::: Source data :::

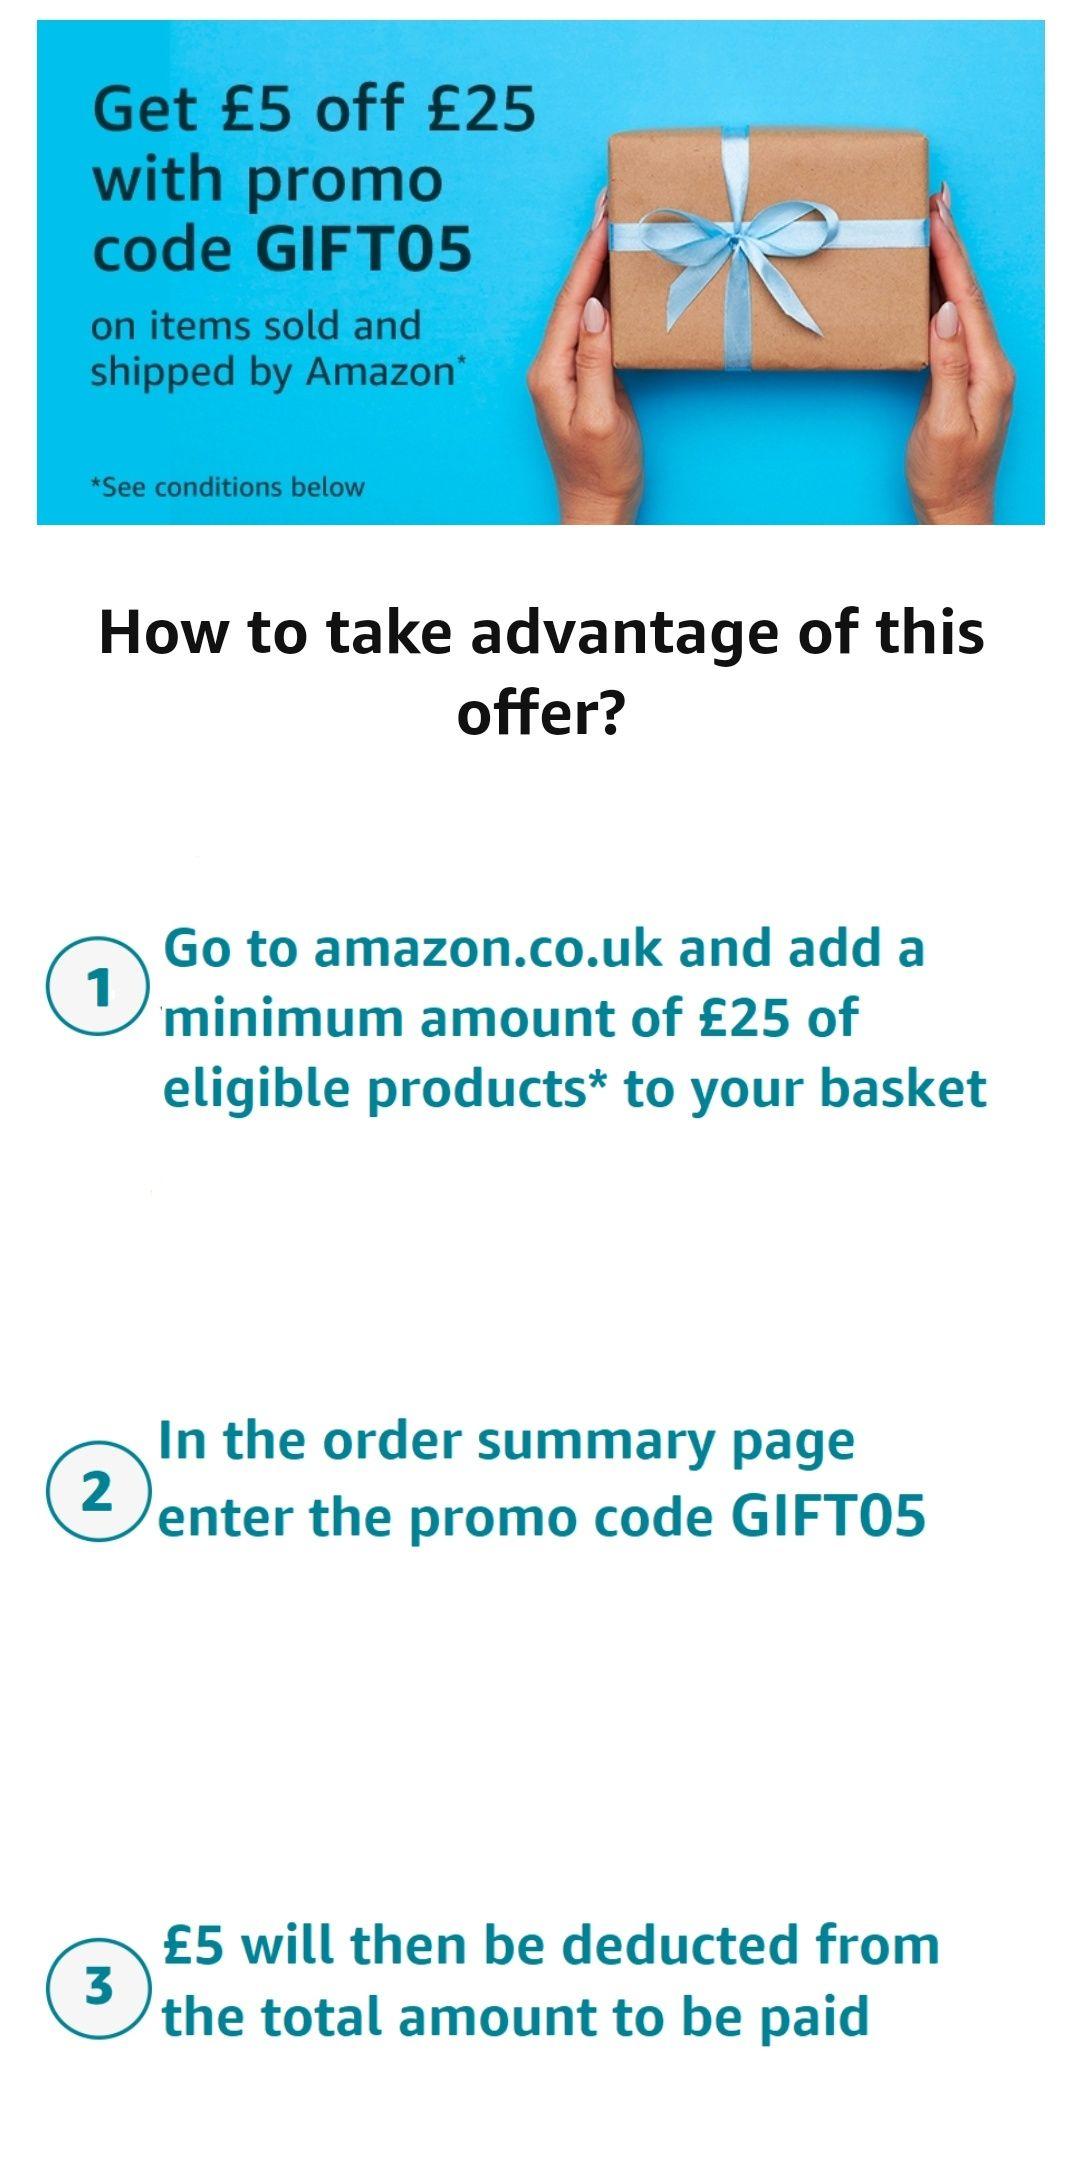 [Amazon.co.uk] 5 pfund Gutschein bei 25 Pfund mbw
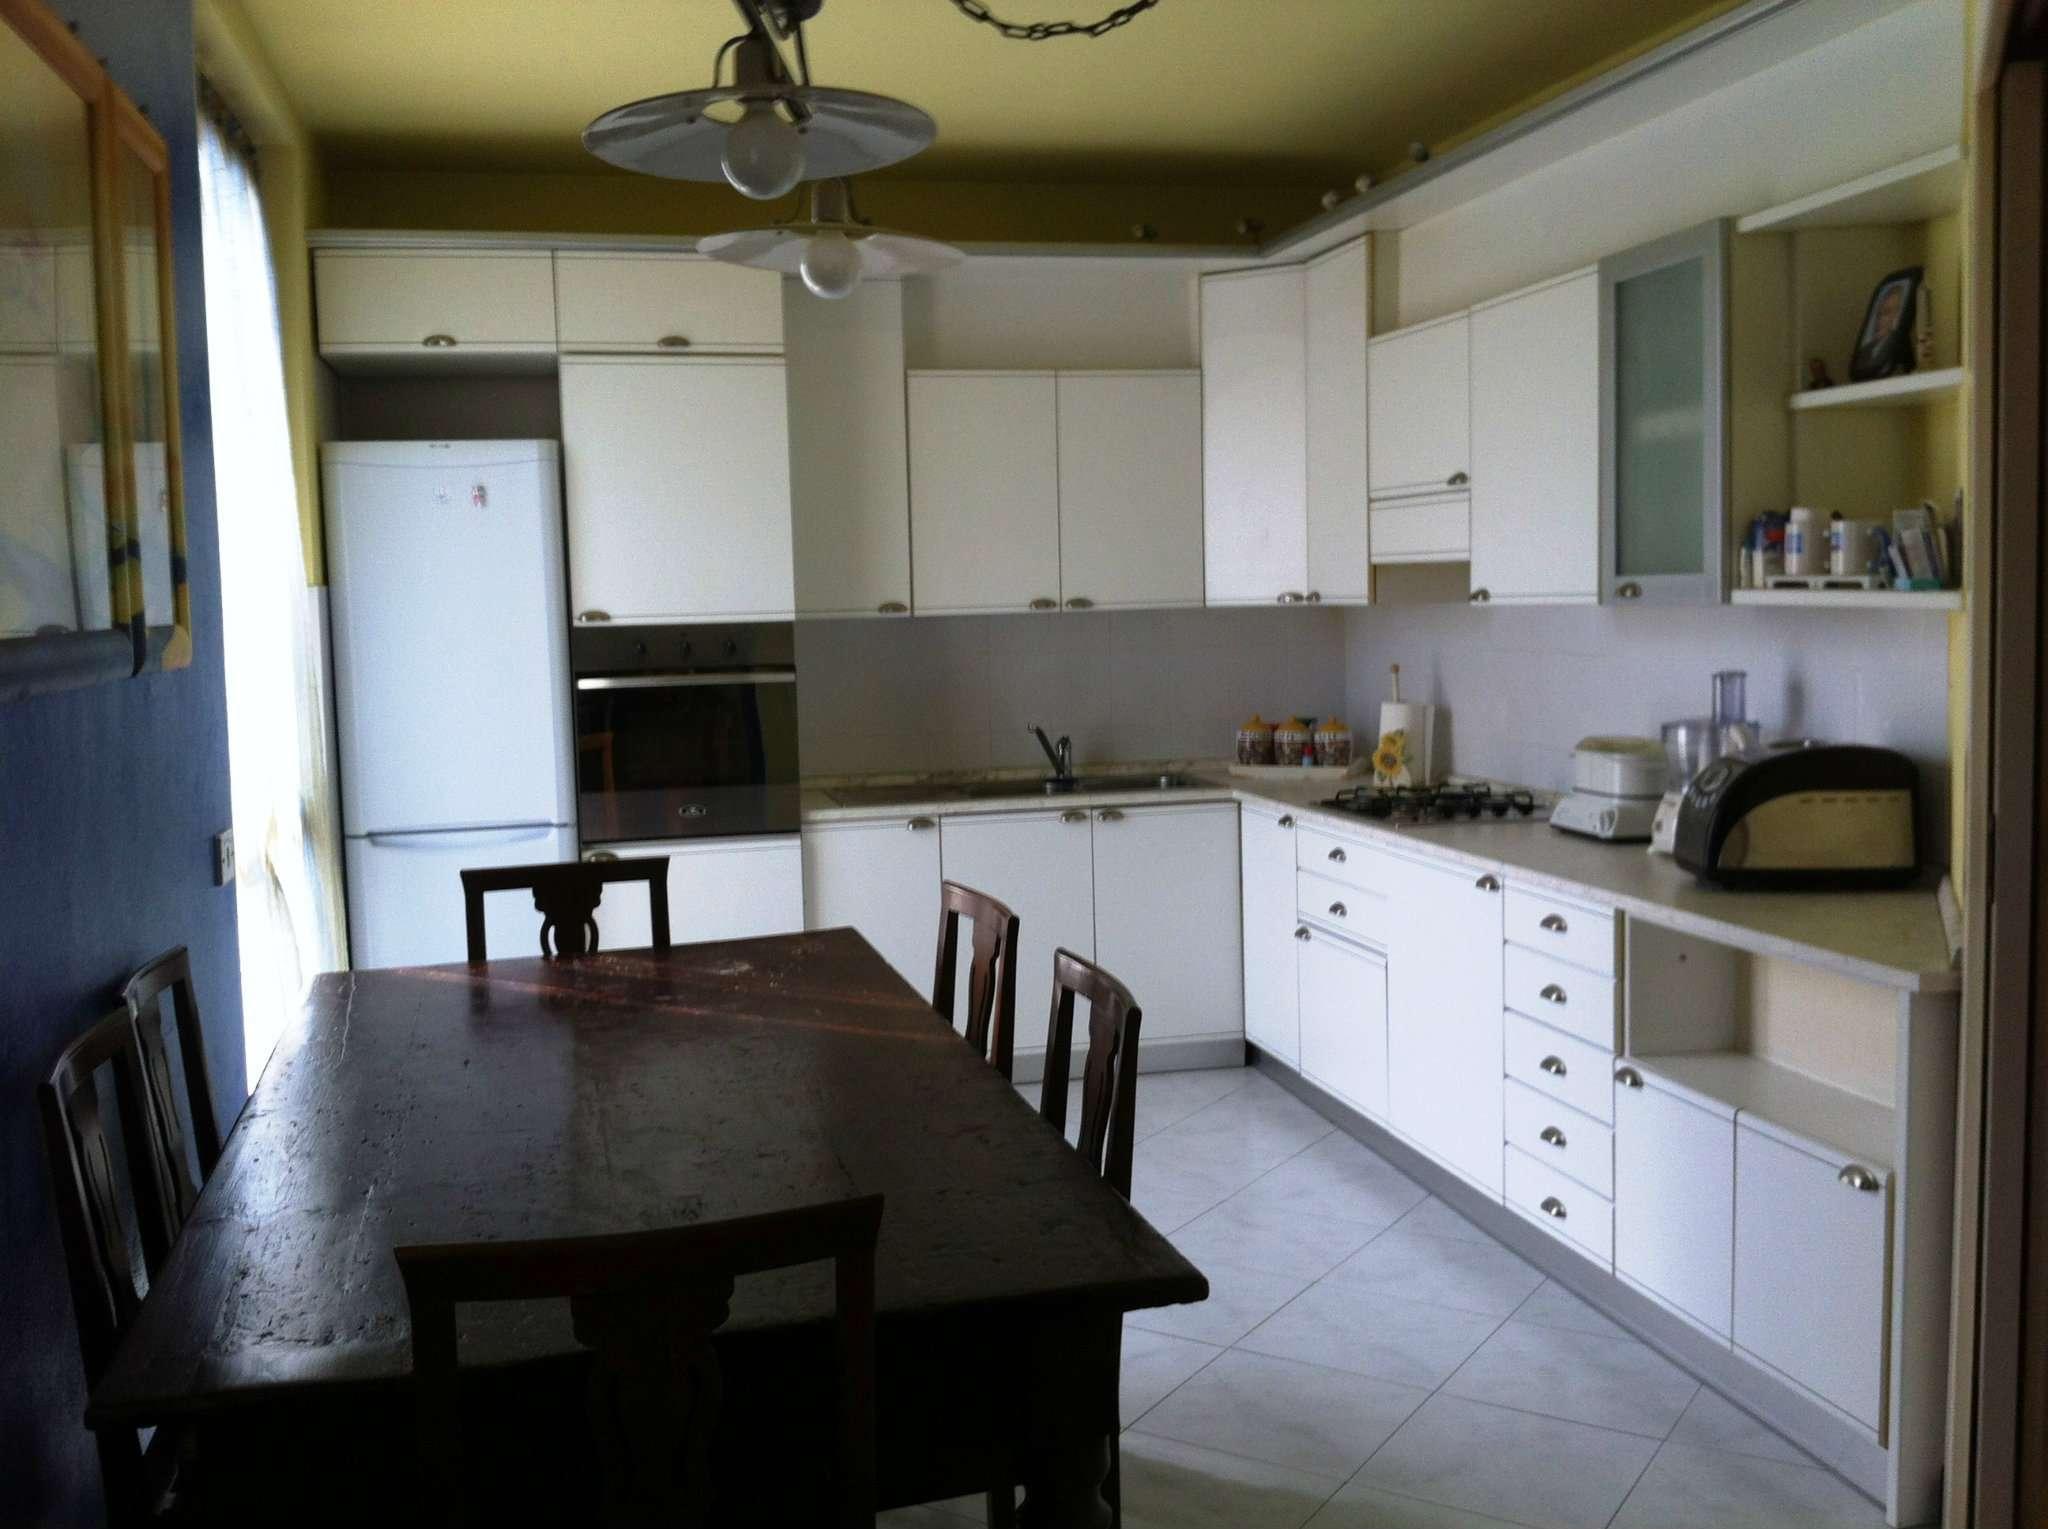 Villa Bifamiliare in vendita a Bariano, 3 locali, prezzo € 160.000 | Cambio Casa.it
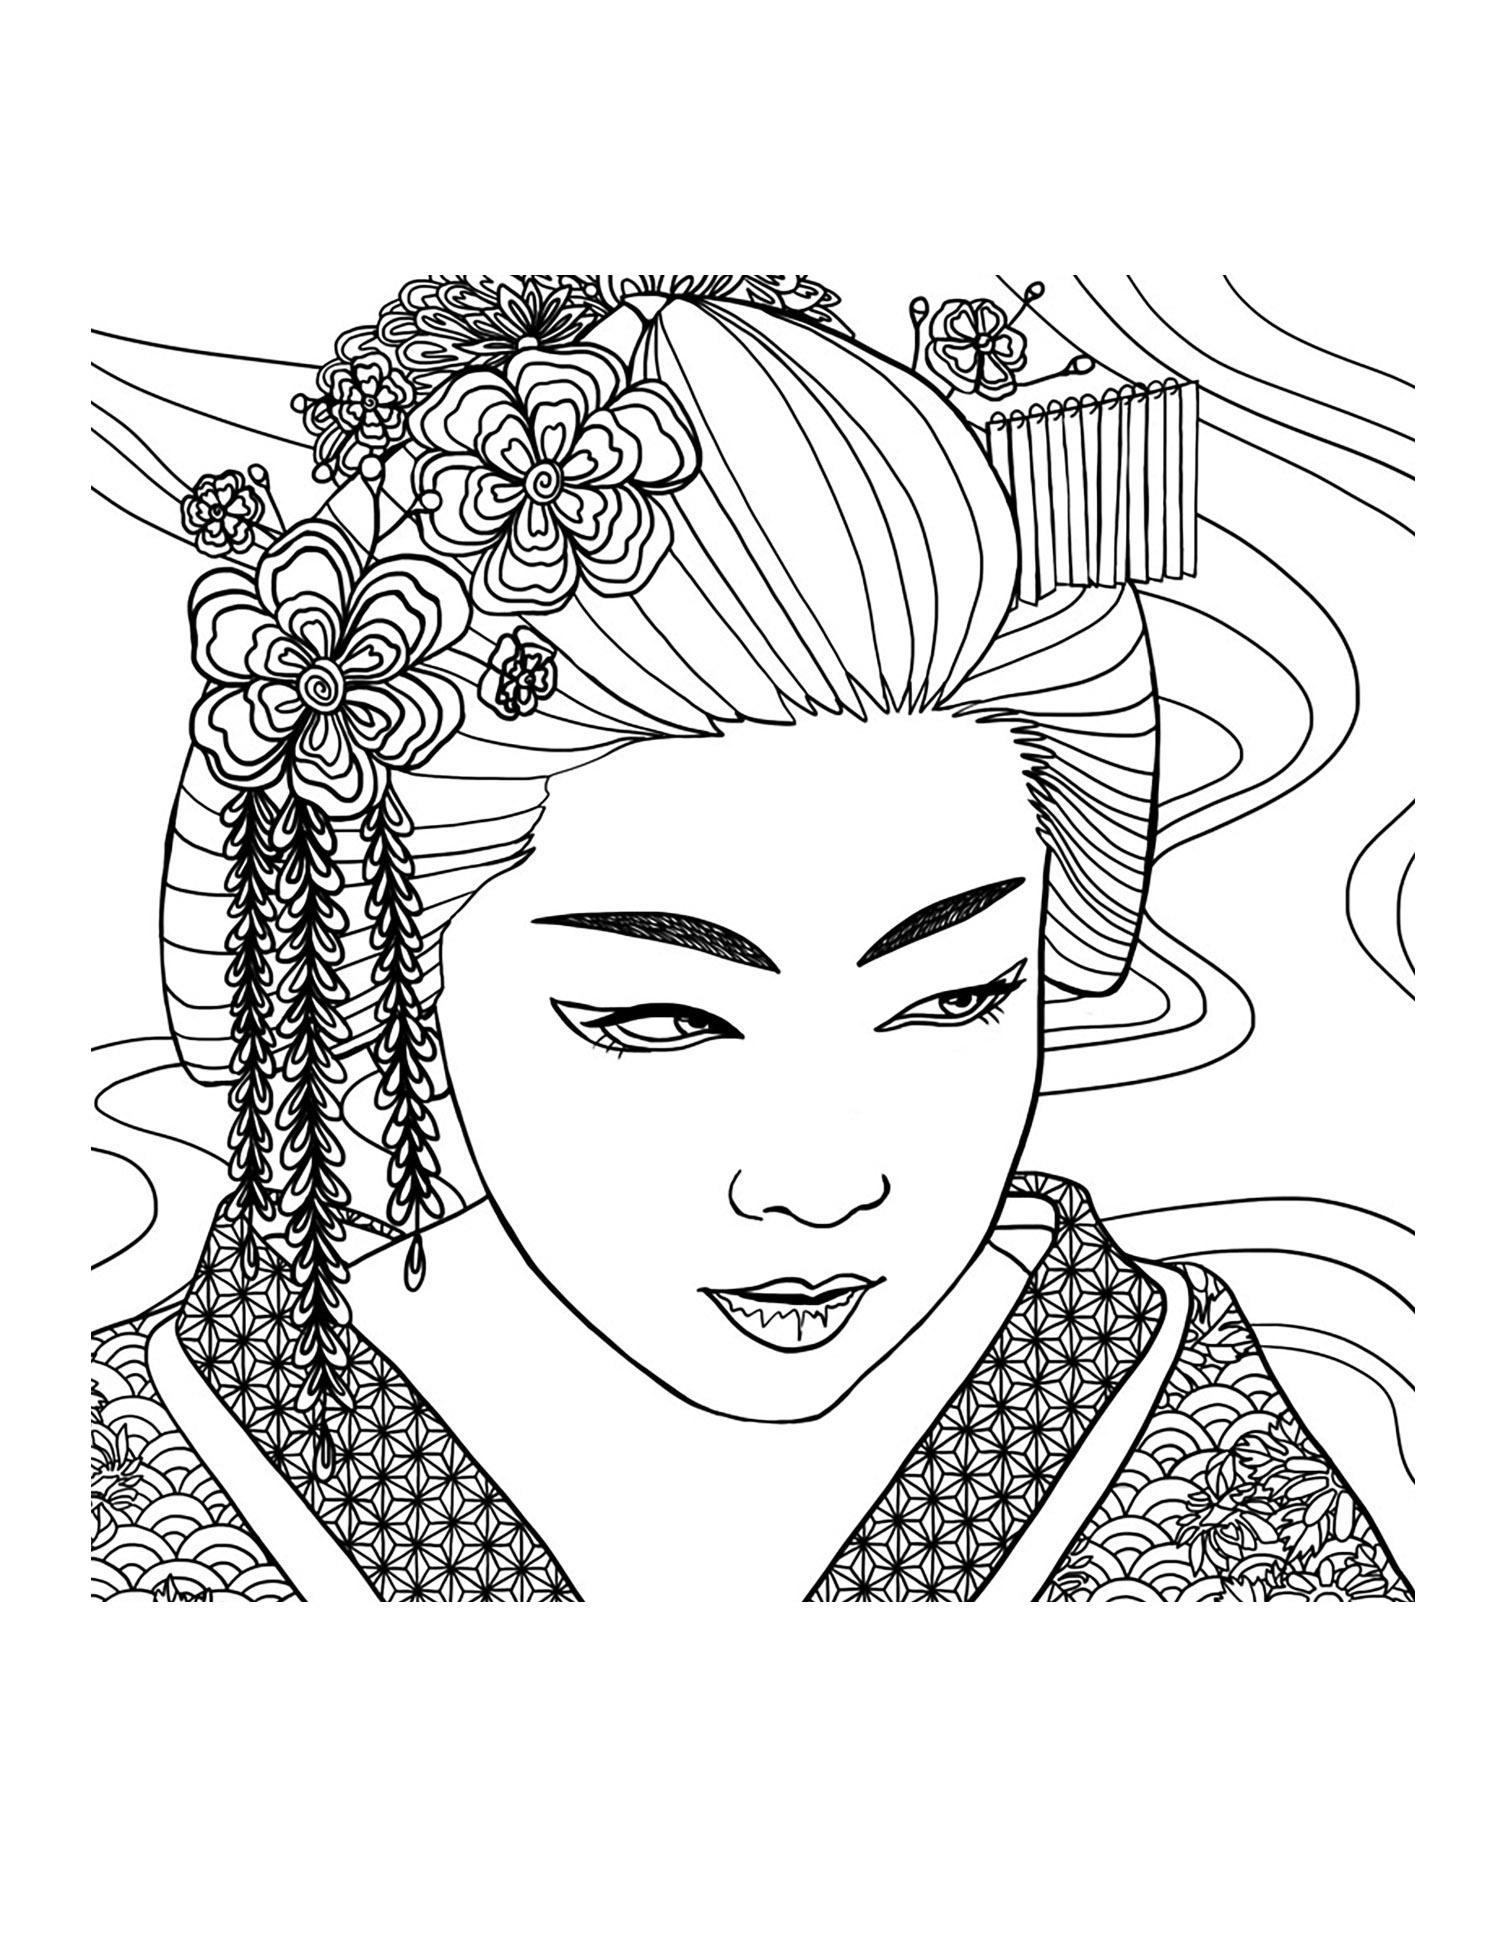 Coloriage A Imprimer Visage.Pour Geisha Visage Coloriage Adulte Coloriages Pour Enfants

:::

> Work required:
Reproduce each line above exactly, but not a single picture.

> Solution for this exercise:
 [Amazon.co.uk] 5 pfund Gutschein bei 25 Pfund mbw
 Villa Bifamiliare in vendita a Bariano, 3 locali, prezzo € 160.000 | Cambio Casa.it
 Coloriage A Imprimer Visage.Pour Geisha Visage Coloriage Adulte Coloriages Pour Enfants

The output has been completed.